The secret in Secrets Manager needs to be a JSON object with the following structure:

```json
{
  "token": "Secret Token",
  "id": "Actual principal identifier of the service"
}
```

### Configuration (Environment Variables)

Configuration is done through environment variables. The following table lists the environment variables that can be used to configure the authentication.
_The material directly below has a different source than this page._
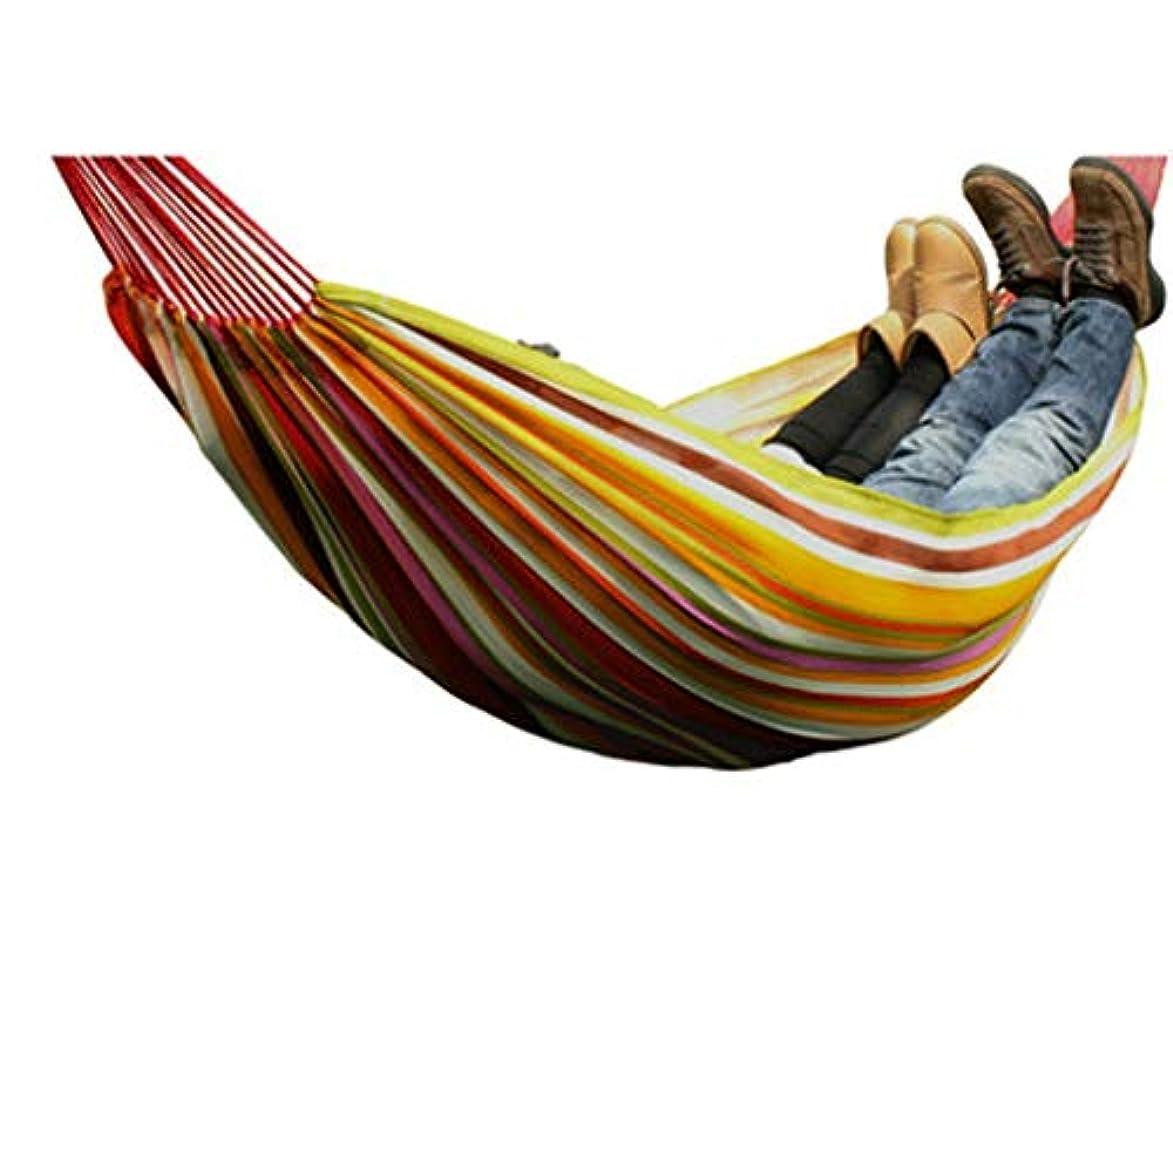 上流の病パイロットハンモック屋外アンチロールオーバー子供大人寝室学生寮バルコニー公園スイングハンモック (Color : A, Size : 200*150cm)

| Variable | Description | Default |
|----------|-------------|---------|
| `SMAC__AUTH__USER_ID` | The claim name which contains the unique user identifier. | `email` |
| `SMAC__AUTH__PROVIDER` | The provider name. | `NONE` |
| `SMAC__AUTH__PROVIDER_COGNITO__CHECK_EXPIRATION` | Whether to check the expiration of the token. | `True` |
| `SMAC__AUTH__PROVIDER_COGNITO__JWT_HEADER_PREFIX` | The prefix for the JWT header. | `Bearer` |
| `SMAC__AUTH__PROVIDER_COGNITO__JWT_HEADER_NAME` | The name of the JWT header. | `Authorization` |
| `SMAC__AUTH__PROVIDER_COGNITO__USERPOOLS__PRIMARY__REGION` | The region of the primary user pool. | `None` |
| `SMAC__AUTH__PROVIDER_COGNITO__USERPOOLS__PRIMARY__USERPOOL_ID` | The ID of the primary user pool. | `None` |
| `SMAC__AUTH__PROVIDER_COGNITO__USERPOOLS__PRIMARY__APP_CLIENT_ID` | The app client ID of the primary user pool. | `None` |
| `SMAC__AUTH__PROVIDER_COGNITO__USERPOOLS__PRIMARY__DOMAIN` | The domain name of the primary user pool. | `None` |
| `SMAC__AUTH__PROVIDER_COGNITO__USERPOOLS__SECONDARY__REGION` | The region of the secondary user pool. | `None` |
| `SMAC__AUTH__PROVIDER_COGNITO__USERPOOLS__SECONDARY__USERPOOL_ID` | The ID of the secondary user pool. | `None` |
| `SMAC__AUTH__PROVIDER_COGNITO__USERPOOLS__SECONDARY__APP_CLIENT_ID` | The app client ID of the secondary user pool. | `None` |
| `SMAC__AUTH__PROVIDER_COGNITO__USERPOOLS__SECONDARY__DOMAIN` | The domain name of the secondary user pool. | `None` |
| `SMAC__AUTH__AUTOMATION_PRINCIPALS__SECRETS_MANAGER__REGION` | The region of the Secrets Manager. | `None` |
| `SMAC__AUTH__AUTOMATION_PRINCIPALS__SECRETS_MANAGER__PROFILE` | The AWS credentials profile to authenticate with. | `None` |
| `SMAC__AUTH__AUTOMATION_PRINCIPALS__SECRETS_MANAGER__COMMON_PREFIX` | The common prefix for the secrets in the Secrets Manager. | `""` |
| `SMAC__AUTH__AUTOMATION_PRINCIPALS__ID_HEADER_NAME` | The name of the header containing the automation principal name. | `SMAC-Principal` |
| `SMAC__AUTH__AUTOMATION_PRINCIPALS__TOKEN_HEADER_NAME` | The name of the header containing the automation principal token. | `SMAC-Token` |

Note: The secondary user pool is entirely optional. If it is configured, keep in mind that the `SMAC__AUTH__USER_ID` cannot be set to `sub` as the user pools create the sub claim automatically. It is advised to use the email address as the user identifier in this case so that the application logic does not need to differentiate between the primary and secondary user pools.

## Development

### Setup

1. Install [Poetry](https://python-poetry.org/docs/#installation)
2. Install dependencies:

    ```bash
    poetry config virtualenvs.in-project true
    poetry install --with dev

    # Install pre-commit hooks
    poetry run pre-commit install
    ```

3. Run tests:

    ```bash
    poetry run pytest --cov .
    ```

## Releases

Releases are done automatically using [python-semantic-release](https://python-semantic-release.readthedocs.io/en/latest/commit-parsing.html).

Refer to the [CHANGELOG](CHANGELOG.md) for the release history.